WHAT IS REQUIRED:
For the records below, output each line exactly as it appears, from the first through the line with "Arabic mosque saint".
------ LISTED RECORDS ------
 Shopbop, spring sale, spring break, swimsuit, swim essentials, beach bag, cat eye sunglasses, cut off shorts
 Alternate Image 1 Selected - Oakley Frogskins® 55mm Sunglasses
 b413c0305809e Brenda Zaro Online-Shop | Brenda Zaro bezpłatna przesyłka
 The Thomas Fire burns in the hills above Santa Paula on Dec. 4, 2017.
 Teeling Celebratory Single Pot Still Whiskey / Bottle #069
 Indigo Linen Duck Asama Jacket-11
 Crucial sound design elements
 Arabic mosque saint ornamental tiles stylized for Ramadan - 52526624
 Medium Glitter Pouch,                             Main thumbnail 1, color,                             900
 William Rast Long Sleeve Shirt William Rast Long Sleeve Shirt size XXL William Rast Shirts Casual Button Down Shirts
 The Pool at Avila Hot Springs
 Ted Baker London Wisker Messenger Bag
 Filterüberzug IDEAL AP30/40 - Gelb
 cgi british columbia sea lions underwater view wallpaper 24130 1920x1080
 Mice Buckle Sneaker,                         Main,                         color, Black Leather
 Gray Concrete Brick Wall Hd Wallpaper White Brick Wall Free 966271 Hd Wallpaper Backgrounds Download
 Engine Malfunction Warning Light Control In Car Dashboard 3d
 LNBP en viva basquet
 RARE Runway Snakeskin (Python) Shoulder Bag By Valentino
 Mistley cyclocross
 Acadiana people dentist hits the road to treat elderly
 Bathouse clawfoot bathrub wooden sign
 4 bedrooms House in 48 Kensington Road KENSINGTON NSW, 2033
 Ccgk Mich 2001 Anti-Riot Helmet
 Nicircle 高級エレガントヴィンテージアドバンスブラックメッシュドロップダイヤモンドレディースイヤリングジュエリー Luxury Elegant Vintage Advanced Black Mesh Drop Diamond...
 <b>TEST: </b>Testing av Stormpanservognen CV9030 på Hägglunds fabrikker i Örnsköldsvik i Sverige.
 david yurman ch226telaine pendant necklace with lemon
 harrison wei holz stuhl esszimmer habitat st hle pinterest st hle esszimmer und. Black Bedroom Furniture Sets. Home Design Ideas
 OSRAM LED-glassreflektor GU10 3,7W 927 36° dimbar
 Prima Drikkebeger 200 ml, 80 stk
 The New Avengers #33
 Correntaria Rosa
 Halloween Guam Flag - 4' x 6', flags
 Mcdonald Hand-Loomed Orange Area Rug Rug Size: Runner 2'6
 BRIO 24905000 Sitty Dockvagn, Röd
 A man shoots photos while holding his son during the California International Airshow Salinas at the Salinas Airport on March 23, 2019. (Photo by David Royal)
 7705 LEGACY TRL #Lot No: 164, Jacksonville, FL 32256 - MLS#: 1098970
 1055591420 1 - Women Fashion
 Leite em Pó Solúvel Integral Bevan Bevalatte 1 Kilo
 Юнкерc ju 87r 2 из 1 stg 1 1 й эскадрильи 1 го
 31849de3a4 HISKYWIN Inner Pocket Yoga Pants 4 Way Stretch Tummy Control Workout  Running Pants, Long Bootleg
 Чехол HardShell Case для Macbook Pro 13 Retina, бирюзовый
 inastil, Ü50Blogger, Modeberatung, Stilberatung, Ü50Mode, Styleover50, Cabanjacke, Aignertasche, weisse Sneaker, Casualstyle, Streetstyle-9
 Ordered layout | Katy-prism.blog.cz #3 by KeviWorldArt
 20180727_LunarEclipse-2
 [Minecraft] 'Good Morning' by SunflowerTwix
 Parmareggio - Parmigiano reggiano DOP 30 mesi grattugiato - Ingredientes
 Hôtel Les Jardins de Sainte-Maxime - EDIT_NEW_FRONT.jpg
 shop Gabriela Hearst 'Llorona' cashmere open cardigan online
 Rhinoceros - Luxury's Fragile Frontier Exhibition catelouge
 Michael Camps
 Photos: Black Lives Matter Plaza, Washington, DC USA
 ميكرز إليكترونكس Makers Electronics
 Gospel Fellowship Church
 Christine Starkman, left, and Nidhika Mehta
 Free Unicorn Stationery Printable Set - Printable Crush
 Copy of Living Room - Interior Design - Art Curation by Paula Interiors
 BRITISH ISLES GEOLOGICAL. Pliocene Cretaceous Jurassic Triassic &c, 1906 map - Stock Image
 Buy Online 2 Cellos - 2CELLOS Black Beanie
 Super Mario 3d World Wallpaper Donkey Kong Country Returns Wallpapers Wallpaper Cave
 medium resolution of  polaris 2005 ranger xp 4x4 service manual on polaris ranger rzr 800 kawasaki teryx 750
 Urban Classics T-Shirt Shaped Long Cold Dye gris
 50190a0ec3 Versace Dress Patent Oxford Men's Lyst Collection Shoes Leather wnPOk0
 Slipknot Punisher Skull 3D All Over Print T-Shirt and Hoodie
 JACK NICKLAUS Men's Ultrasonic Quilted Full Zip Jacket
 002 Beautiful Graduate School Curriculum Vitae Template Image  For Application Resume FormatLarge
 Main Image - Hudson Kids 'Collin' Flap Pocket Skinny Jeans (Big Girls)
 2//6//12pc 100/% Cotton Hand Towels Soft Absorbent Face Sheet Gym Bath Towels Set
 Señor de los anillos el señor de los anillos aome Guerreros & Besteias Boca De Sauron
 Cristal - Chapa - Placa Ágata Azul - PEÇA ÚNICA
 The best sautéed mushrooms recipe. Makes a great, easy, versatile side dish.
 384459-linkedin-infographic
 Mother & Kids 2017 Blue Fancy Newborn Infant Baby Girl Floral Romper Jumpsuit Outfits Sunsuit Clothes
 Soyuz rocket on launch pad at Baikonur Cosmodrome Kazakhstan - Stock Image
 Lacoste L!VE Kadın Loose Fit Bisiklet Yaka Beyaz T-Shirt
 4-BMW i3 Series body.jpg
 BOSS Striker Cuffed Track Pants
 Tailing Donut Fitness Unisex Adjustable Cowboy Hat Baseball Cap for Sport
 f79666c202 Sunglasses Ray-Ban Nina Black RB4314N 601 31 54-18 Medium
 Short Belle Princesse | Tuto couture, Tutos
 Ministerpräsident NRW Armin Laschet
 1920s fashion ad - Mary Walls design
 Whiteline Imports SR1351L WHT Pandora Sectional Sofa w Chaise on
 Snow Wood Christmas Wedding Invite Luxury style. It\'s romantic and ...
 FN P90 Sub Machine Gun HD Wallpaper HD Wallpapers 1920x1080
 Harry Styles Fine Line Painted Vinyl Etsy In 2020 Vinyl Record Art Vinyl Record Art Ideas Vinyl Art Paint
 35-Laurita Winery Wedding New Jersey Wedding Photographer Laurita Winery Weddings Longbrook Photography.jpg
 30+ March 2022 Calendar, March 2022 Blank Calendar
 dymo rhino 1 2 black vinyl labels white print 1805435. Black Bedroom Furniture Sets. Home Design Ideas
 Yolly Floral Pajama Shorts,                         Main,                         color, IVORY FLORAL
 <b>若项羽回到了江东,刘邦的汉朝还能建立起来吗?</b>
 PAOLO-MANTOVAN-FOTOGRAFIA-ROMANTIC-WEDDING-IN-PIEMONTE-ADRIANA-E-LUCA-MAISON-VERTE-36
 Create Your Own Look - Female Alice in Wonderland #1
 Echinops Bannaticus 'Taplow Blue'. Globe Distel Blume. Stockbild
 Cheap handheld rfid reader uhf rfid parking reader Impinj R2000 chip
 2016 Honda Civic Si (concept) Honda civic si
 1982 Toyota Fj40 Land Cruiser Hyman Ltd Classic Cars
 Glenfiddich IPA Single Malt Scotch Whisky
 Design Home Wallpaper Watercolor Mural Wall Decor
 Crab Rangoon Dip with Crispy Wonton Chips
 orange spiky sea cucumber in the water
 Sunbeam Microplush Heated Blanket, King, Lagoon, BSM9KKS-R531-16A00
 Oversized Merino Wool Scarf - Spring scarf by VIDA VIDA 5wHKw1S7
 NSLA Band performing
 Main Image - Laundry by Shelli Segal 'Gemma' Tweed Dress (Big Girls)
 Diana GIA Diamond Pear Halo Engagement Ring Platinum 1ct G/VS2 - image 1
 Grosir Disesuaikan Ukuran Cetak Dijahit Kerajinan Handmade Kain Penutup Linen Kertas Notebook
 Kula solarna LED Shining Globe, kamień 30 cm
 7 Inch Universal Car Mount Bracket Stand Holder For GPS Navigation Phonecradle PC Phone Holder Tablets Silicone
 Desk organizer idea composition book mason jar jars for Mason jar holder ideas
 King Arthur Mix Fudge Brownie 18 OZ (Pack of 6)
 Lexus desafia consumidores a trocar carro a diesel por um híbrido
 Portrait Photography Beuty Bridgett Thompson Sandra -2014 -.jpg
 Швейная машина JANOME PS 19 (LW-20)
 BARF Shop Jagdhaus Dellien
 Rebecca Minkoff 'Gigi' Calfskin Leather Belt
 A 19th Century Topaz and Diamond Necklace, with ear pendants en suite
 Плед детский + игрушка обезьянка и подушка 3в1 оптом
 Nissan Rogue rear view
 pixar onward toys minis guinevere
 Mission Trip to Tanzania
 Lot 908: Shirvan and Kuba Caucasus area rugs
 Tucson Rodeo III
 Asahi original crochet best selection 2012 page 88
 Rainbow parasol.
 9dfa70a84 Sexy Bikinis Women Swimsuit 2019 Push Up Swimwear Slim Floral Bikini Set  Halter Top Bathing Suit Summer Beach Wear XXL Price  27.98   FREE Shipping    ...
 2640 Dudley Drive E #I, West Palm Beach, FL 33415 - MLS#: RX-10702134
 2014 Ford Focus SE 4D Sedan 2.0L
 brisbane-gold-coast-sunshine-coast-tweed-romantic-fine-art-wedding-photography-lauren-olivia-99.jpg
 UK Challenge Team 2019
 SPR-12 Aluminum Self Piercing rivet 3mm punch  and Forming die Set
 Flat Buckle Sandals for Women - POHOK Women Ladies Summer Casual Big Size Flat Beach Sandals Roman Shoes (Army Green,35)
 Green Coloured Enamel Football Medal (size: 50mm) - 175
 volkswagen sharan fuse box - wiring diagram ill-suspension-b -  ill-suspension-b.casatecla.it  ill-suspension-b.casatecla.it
------
ANSWER:
 Shopbop, spring sale, spring break, swimsuit, swim essentials, beach bag, cat eye sunglasses, cut off shorts
 Alternate Image 1 Selected - Oakley Frogskins® 55mm Sunglasses
 b413c0305809e Brenda Zaro Online-Shop | Brenda Zaro bezpłatna przesyłka
 The Thomas Fire burns in the hills above Santa Paula on Dec. 4, 2017.
 Teeling Celebratory Single Pot Still Whiskey / Bottle #069
 Indigo Linen Duck Asama Jacket-11
 Crucial sound design elements
 Arabic mosque saint ornamental tiles stylized for Ramadan - 52526624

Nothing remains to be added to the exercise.